Small hi to get the introduction of the maze, think carefully, asked: "Do you have any ideas?" ”

Little Ho thought, the way: "Anyway, there are only two choices at a time, I will choose the way to the room with more lottery tickets bai ~"

Small hi smiled: "You call this blind greed, if I was the creator of the maze, must be in the 2nd floor of the 1th room to put 10 tickets, 2nd Room A not put, and then in the 3rd level of the 3rd room to put 999 tickets, so you have a little petty lost the big head, you say is not?" ”

Little ho startled: "It seems to be true!" Remember not to pound foolish, that ... Since we are all students of computer science, why don't we use a computer to enumerate all the possible paths and find the best one? ”

Little hi nodded: "It is natural to use a computer to solve the problem, but you have to calculate how many of the total number of possible paths, estimate the running time, so as to determine whether it can be completed before the end of the Maze Festival is not ~"

"I come to calculate, starting from the starting point, every time I have two options, and I have to do n-1 times choice, that is, 2 of the n-1, and n maximum may be 200, that is, there is 2^199 path ... Even if I only use one operation per path to figure out the total number of lottery tickets, I'm sure I won't be able to figure it out before I graduate.

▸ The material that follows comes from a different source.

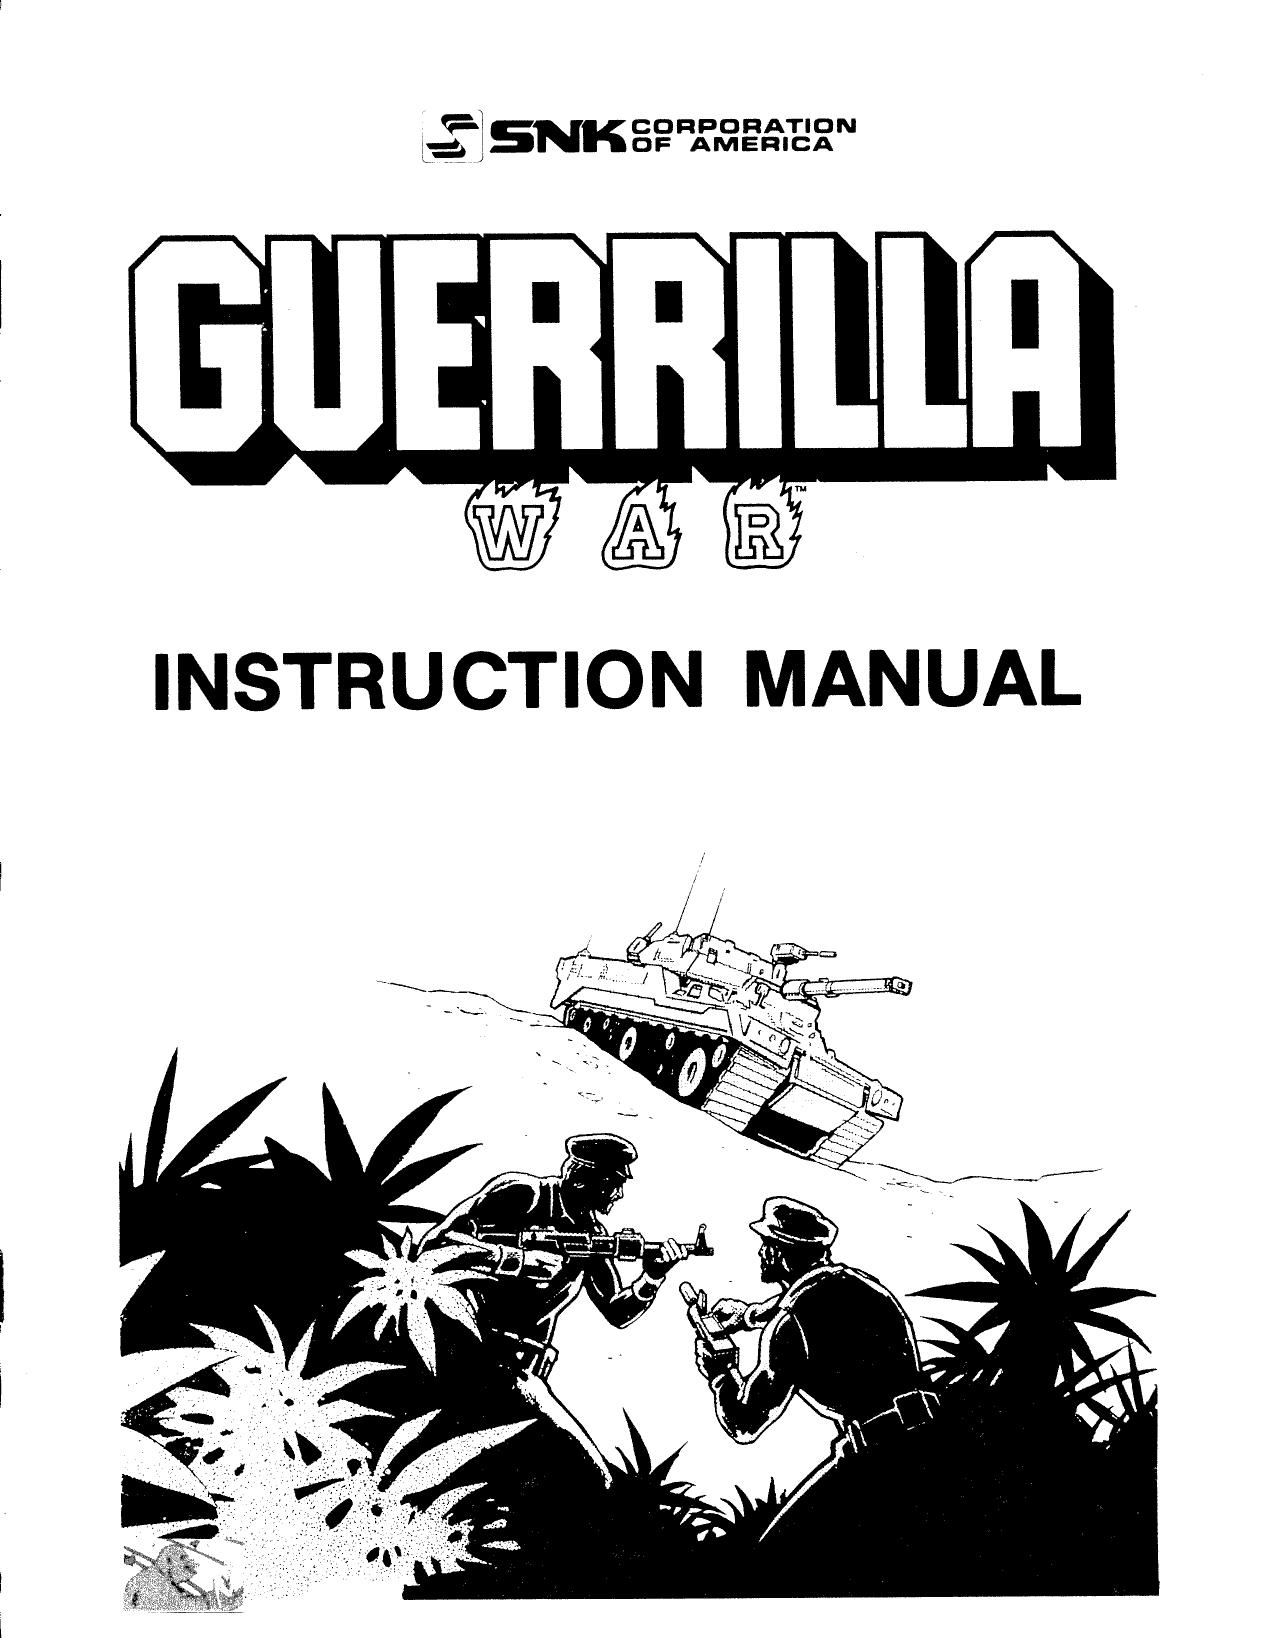 GuerrillaWar Manual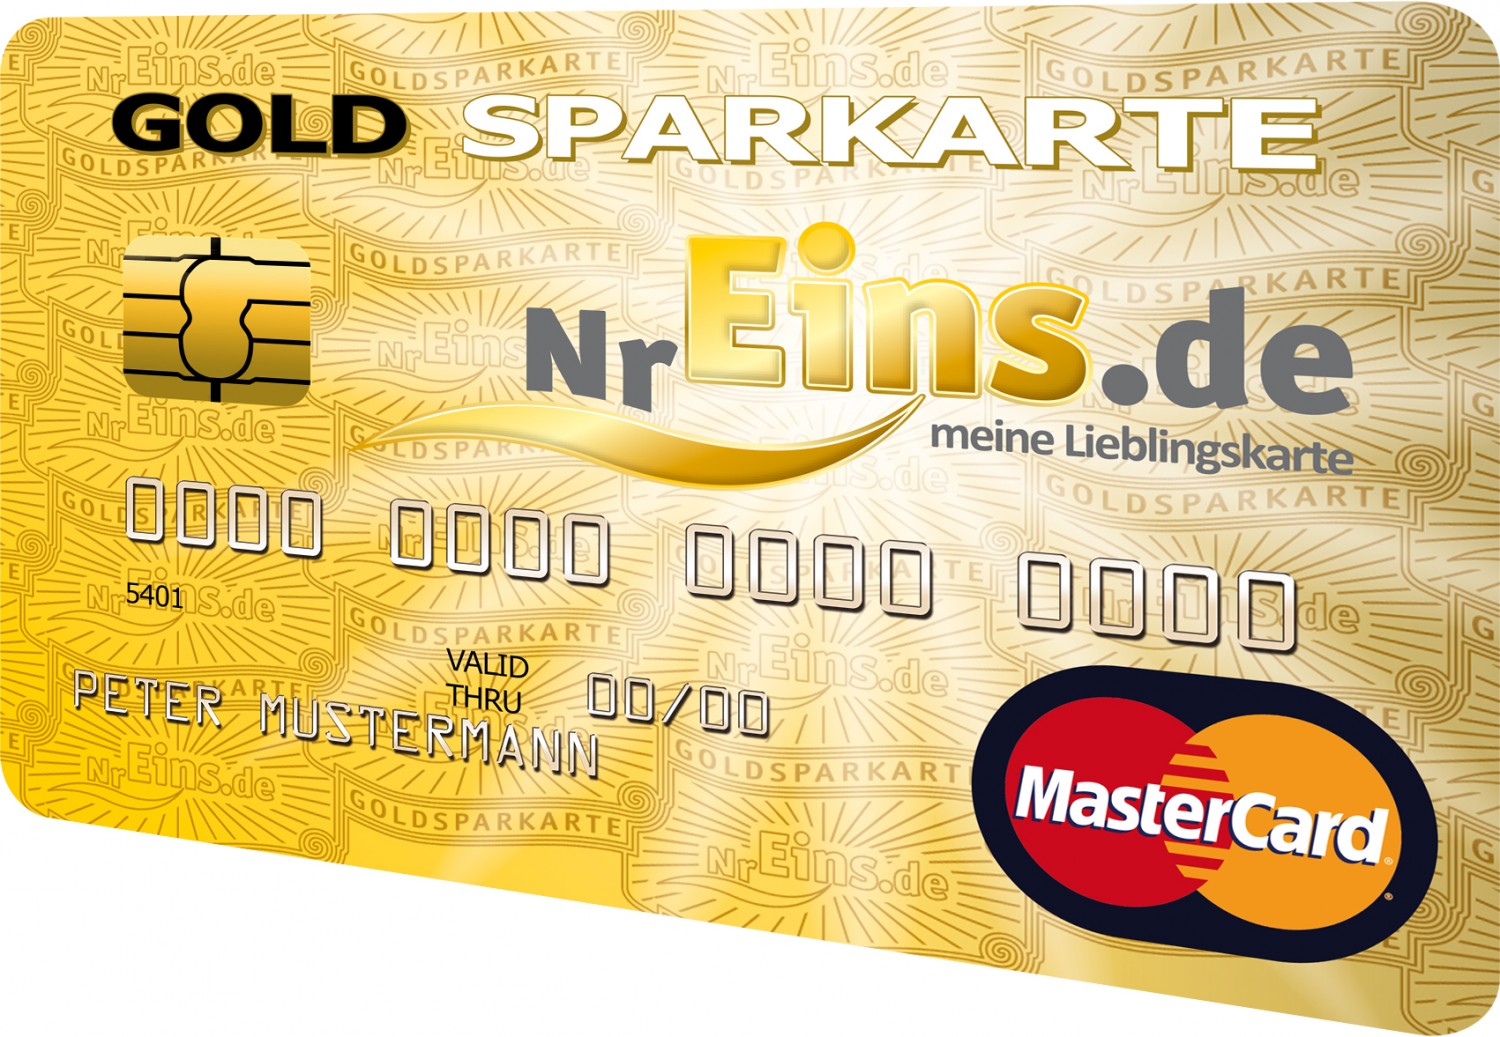 Die GoldSPARKARTE erfüllt alle Wünsche an die ideale Kreditkarte

Qaq "Little Ho came to a very sad conclusion.

"Yes, but this kind of search method actually can have the method to optimize, oh ~" Little hi follow-up guidance.

"What kind of method?" ”

"Don't worry, listen to me slowly."

Hint Two: Memory deep search for divinity, Width priority solution puzzle

Hint Two: Memory deep search for divinity, Width priority solution puzzle

"We can divide the situation, we want to search all the paths, then calculate the profit of each path in turn, is this the problem model we have now?" "Little Hi asked."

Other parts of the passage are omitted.